A member of Cuomo’s supposedly independent anti-corruption panel, former state GOP Chairman Patrick Barrett, is now also pushing one of the governor’s key priorities — the legalization of casino gambling in the state.
As head of the council’s General Welfare Committee, de Blasio investigated the handling of the Nixzmary Brown case and others where NYC failed to protect children. That process informed his candidacy and leadership style.
GOP NYC mayoral candidate Joe Lhota fought back against de Blasio’s attempt to brand him as a right-wing extremist, declaring, “If I’m tied to the Tea Party, so is Andrew Cuomo.” Cuomo declined comment.
John Catsimatidis spent $419 a vote in losing the Republican mayoral nomination to Lhota last month, more than double what Mayor Mike Bloomberg spent per vote in his 2009 re-election race.
The NYT writes: “(I)t is disheartening to see (Lhota) offering an economic plan in the familiar Republican fish wrap of tax cuts, tax breaks and tax eliminations.”

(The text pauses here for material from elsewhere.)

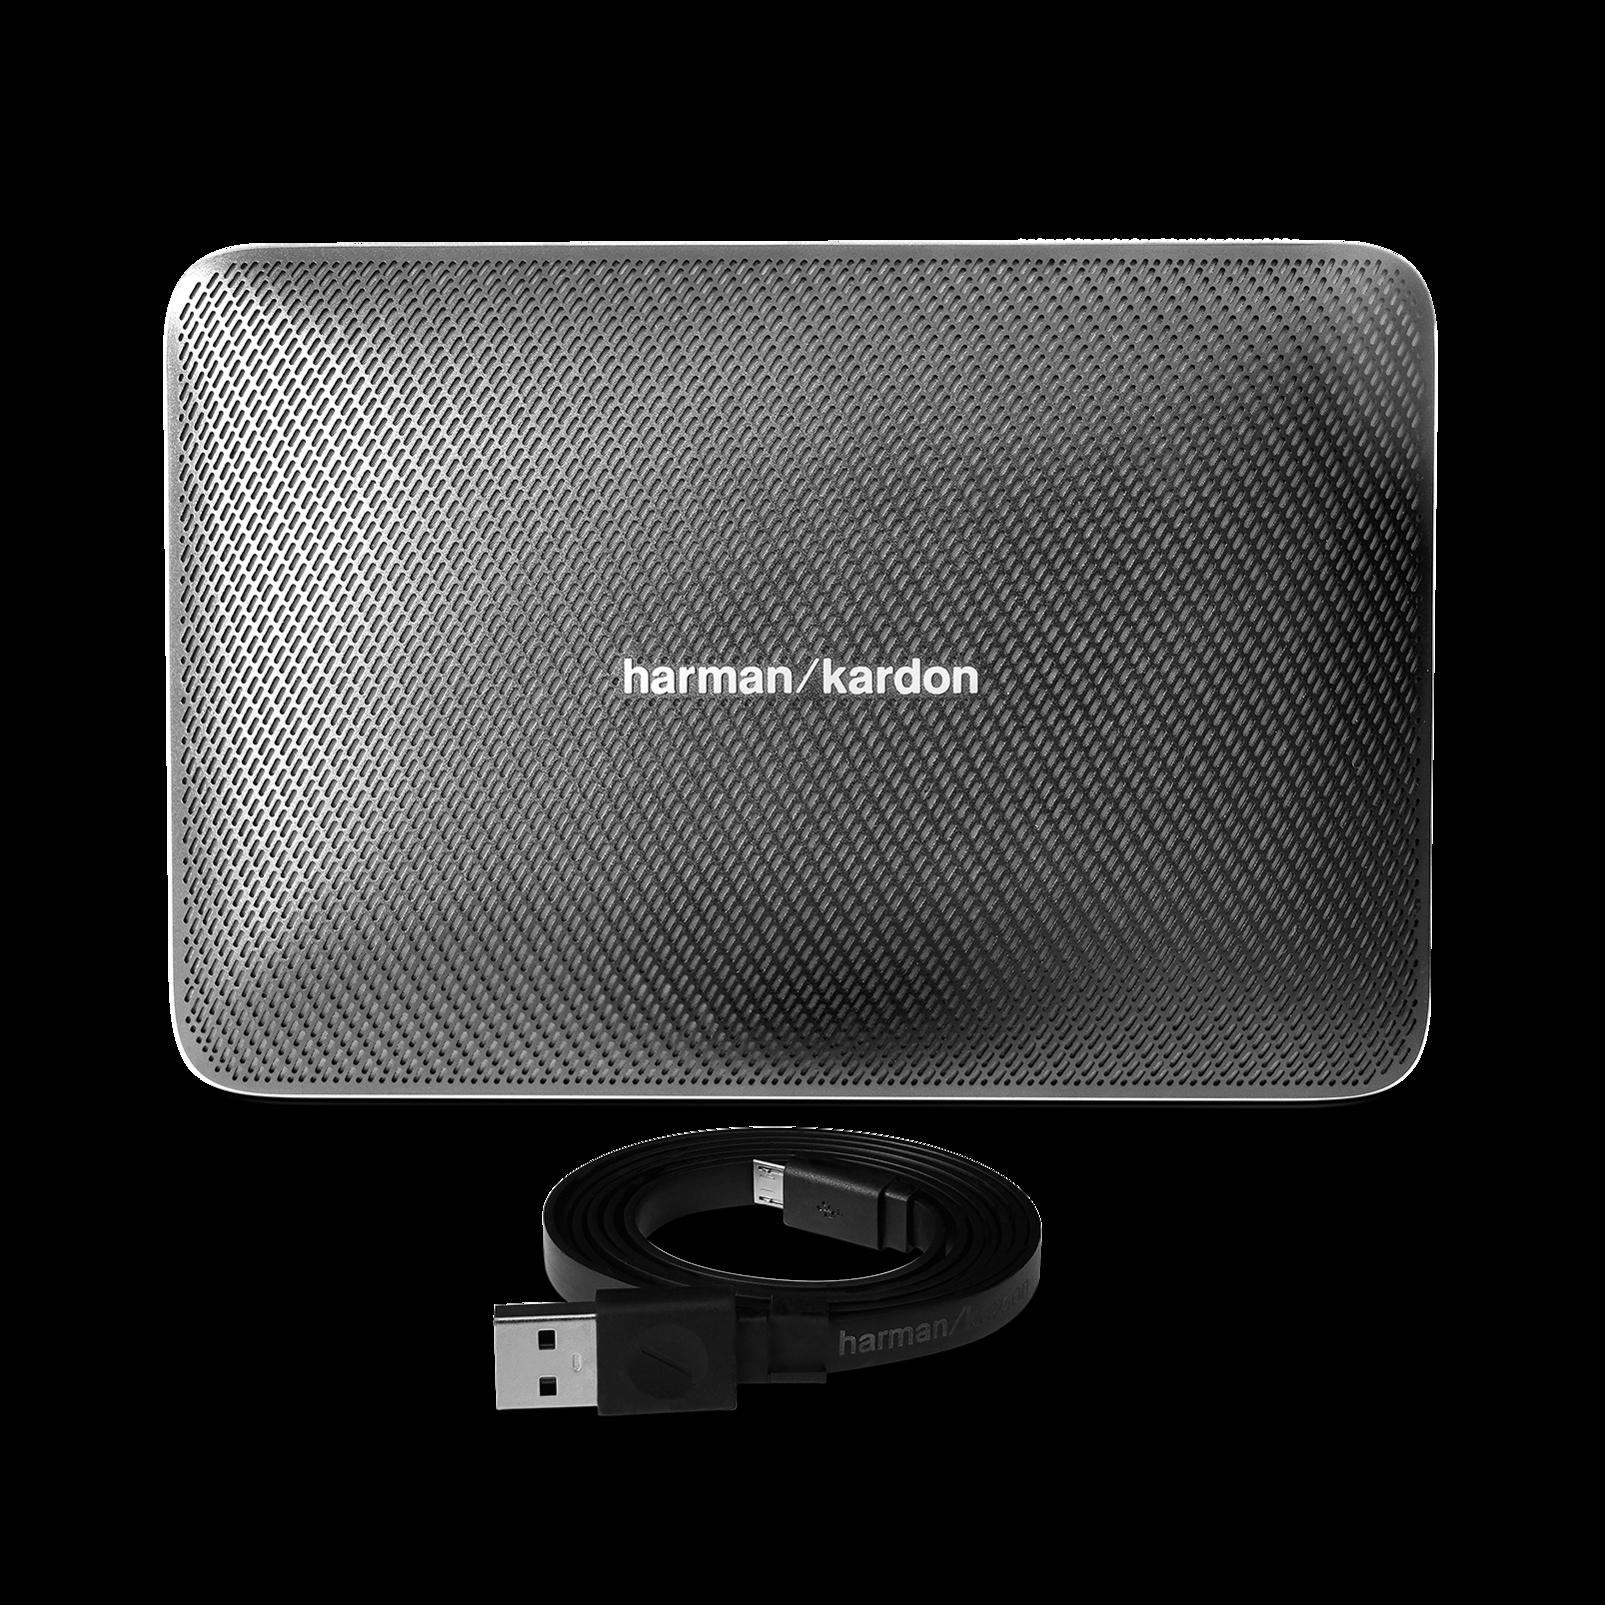 Esquire 2 - Grey - Premium portable Bluetooth speaker with quad microphone conferencing system - Detailshot 1

Despite glitches that caused the site to crash intermittently, the state’s new health care exchange website sparked enormous interest on its first day, drawing some 10 million visits – far more than officials had anticipated.
Eric J. Snyder, a Brooklyn voter unhappy with what he sees as pro-casino advocacy in the state’s ballot language, is suing the Board of Elections in an attempt to stop a vote on changing the state constitution to expand casino gambling.
Snyder is asking the court to enjoin voting on the measure as long as it contains “advocating language,” the inclusion of which, he said, violated the board’s authority.
A constitutional amendment to raise the retirement age of Court of Appeals and state Supreme Court judges will also be on the ballot next month, and it has sparked some quiet controversy.
Beleaguered Metro-North riders will get some relief in the form of a credit for those using the New Haven line after a ConEd power outage severely disrupted service on the country’s busiest commuter rail line.
Powerful lawmakers who warn Cuomo’s mega-plan to replace the Tappan Zee Bridge north of New York City could drastically increase tolls on the bridge and on the statewide Thruway are seeking to head off big toll hikes now.
This year’s re-match between former Nassau County Executive Tom Suozzi and the man who ousted him in 2009, Republican Ed Mangano, might be “the canary in the coal mine” for national politics in 2014 and 2016.
The abrupt closure of local access lanes to the George Washington Bridge last month triggered a pointed private response from Pat Foye, the executive director of the Port Authority of New York and New Jersey, who said the move likely broke state and federal laws and could have caused deaths because of snarled traffic.
Lawyers are asking U.S. District Court Judge Jed S. Rakoff for $3,093,223 for representing six defendants who were held after their prison terms expired under a Pataki administration initiative to keep violent sexual predators off the streets.
AG Eric Schneiderman will announce today both an agreement with Bank of America Corp. and a lawsuit against Wells Fargo & Co. over alleged violations of a $25 billion mortgage settlement reached last year.
New York is looking into creating its first statewide early warning system for tornados.